Светя другим
Шрифт:
Юрген привозит коляску для таких, как я. Мама, кажется, готовится заплакать, а я – нет. Мама глупая, какая разница, могу я ходить или нет? Ведь я живая, а это главнее. Ну, и ещё ангел сказал, что мне так будет легче в туалет ходить. Все-таки ходить самой мне нравится больше, чем на горшок, даже если я не могу ходить, но ездить тоже здорово.
Меня пересаживают в коляску. Она не такая, как каталка, а с чуть наклонёнными друг к другу колёсами и дугами, чтобы я сама могла её катить. А ещё приносят странные чёрные штуки. Юрген говорит, что это «ортезы», и в них мне совсем-присовсем не будет больно. А я согласна,
– Смотри, это ортезы, – объясняет мне Юрген.
Он осторожно разбинтовывает мои руки, которые сейчас кажутся такими тонкими, и надевает на них эти чёрные штуки, чем-то похожие на перчатки. Я чувствую, что эти ортезы плотно обхватывают запястья, отчего возникшая было боль, почти сразу становится меньше – такой, что её можно игнорировать. Но на этом ангел не заканчивает, он везёт меня к туалету. Там я вижу непривычные блестящие штуки и что-то ещё, что свисает с потолка.
– На вот эту штуку можно опереться, – ангел показывает мне как. – А вот за петельку нужно взяться обеими руками и пересесть. Попробуй.

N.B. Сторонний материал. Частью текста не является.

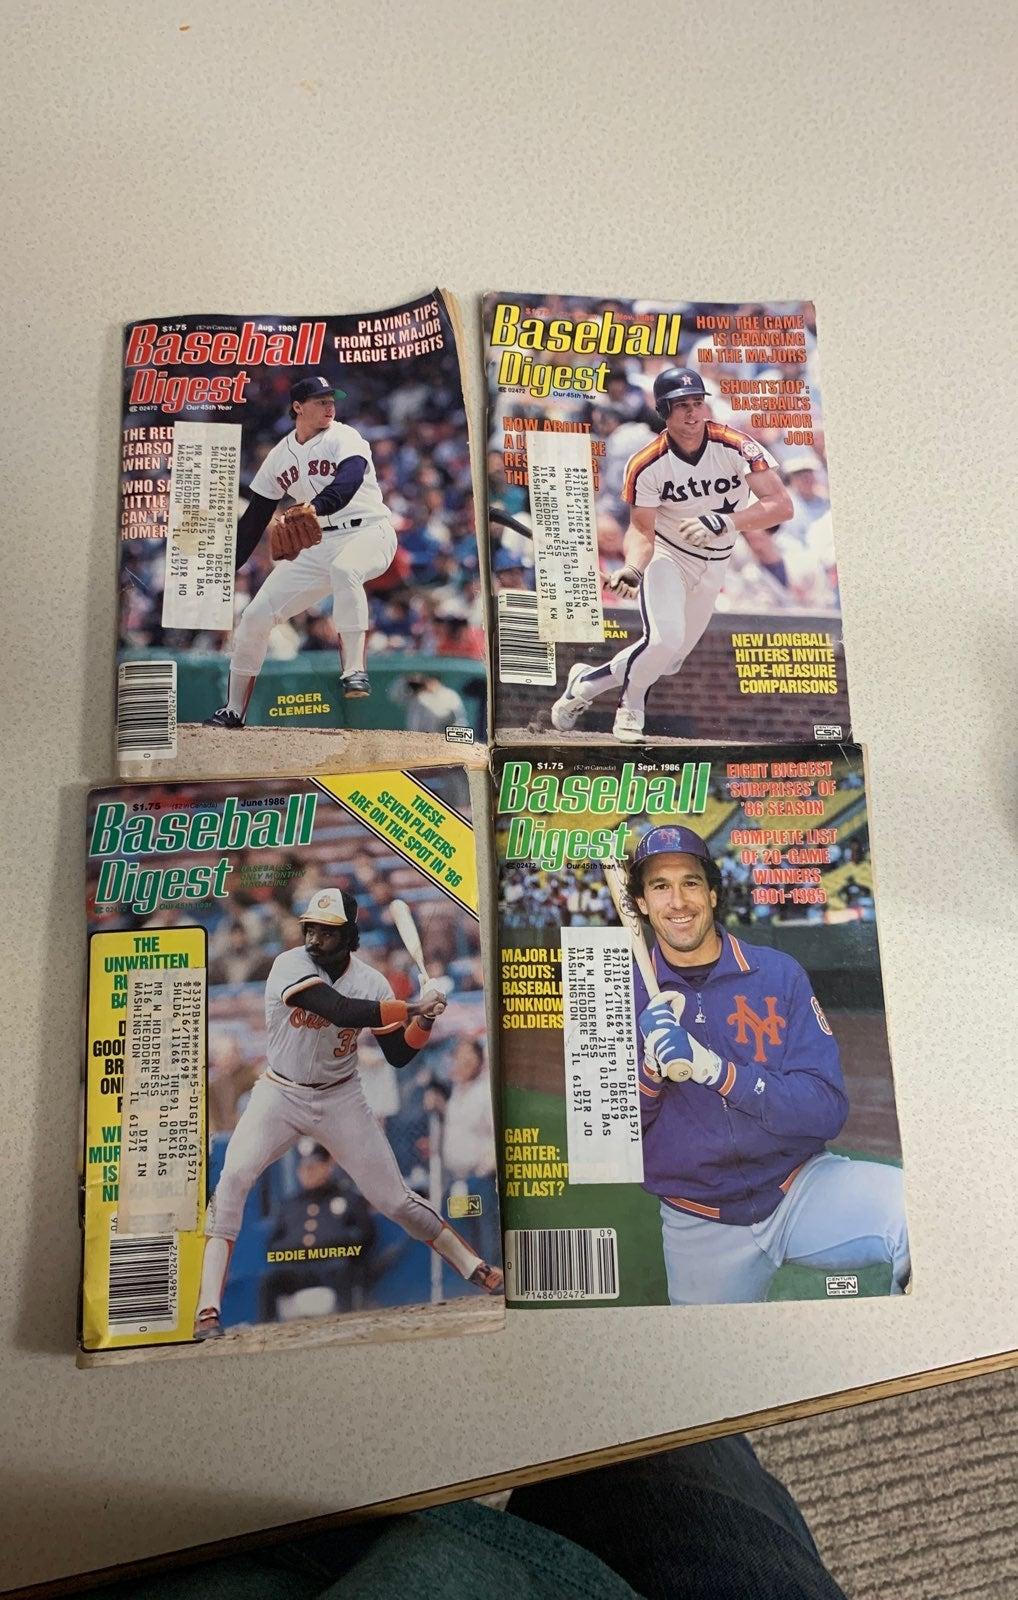 4 baseball digest lot

Я же послушная девочка? Я делаю, как Юрген сказал, потому что он же лучше знает, как правильно. Действительно получается пересесть и сделать свои дела, потому что на мне только больничная рубашка, а белья нет. Я же и на судно ходила, и ещё мыли меня губкой, когда вставать было нельзя. Ангел и помыл, потому что я была против, чтобы кто-то другой. Страшно мне почему-то, не знаю, почему. Зато я теперь могу сама в туалет!
– Утром будем учиться чистить зубы и принимать душ, – сообщает мне Юрген, а мама смотрит на нас уже почти без удивления. Она привыкла.
За эти дни все привыкли, что доверяю я только ангелу, зато полностью, без исключений. Вот и сейчас тоже. Но ещё нужно покушать, потому что так Юрген сказал. Мне самой кушать не очень хочется, но он сказал, что нужно есть каждые три часа. И действительно, живот перестал болеть после еды, что я ему и сказала.
– Своевременное правильное питание – это очень важно, – кивнул мне ангел, что-то объясняя маме.
Мама кивает, она тоже привыкла к тому, что Юрген знает, что говорит, ведь и доктора подтвердили, что он знает, но мне это подтверждение не нужно. Интересно, а как будет дома, нас не разлучат? Я боюсь без него и совсем-совсем не хочу!
– Ну, чего ты опять испугалась? – гладит меня Юрген. – Я буду рядом всегда, не надо бояться.
– А дома… Ну… не разведут по комнатам? – спрашиваю его, и слышу, что мама опять всхлипывает. Мне кажется, я стала такой маленькой-маленькой…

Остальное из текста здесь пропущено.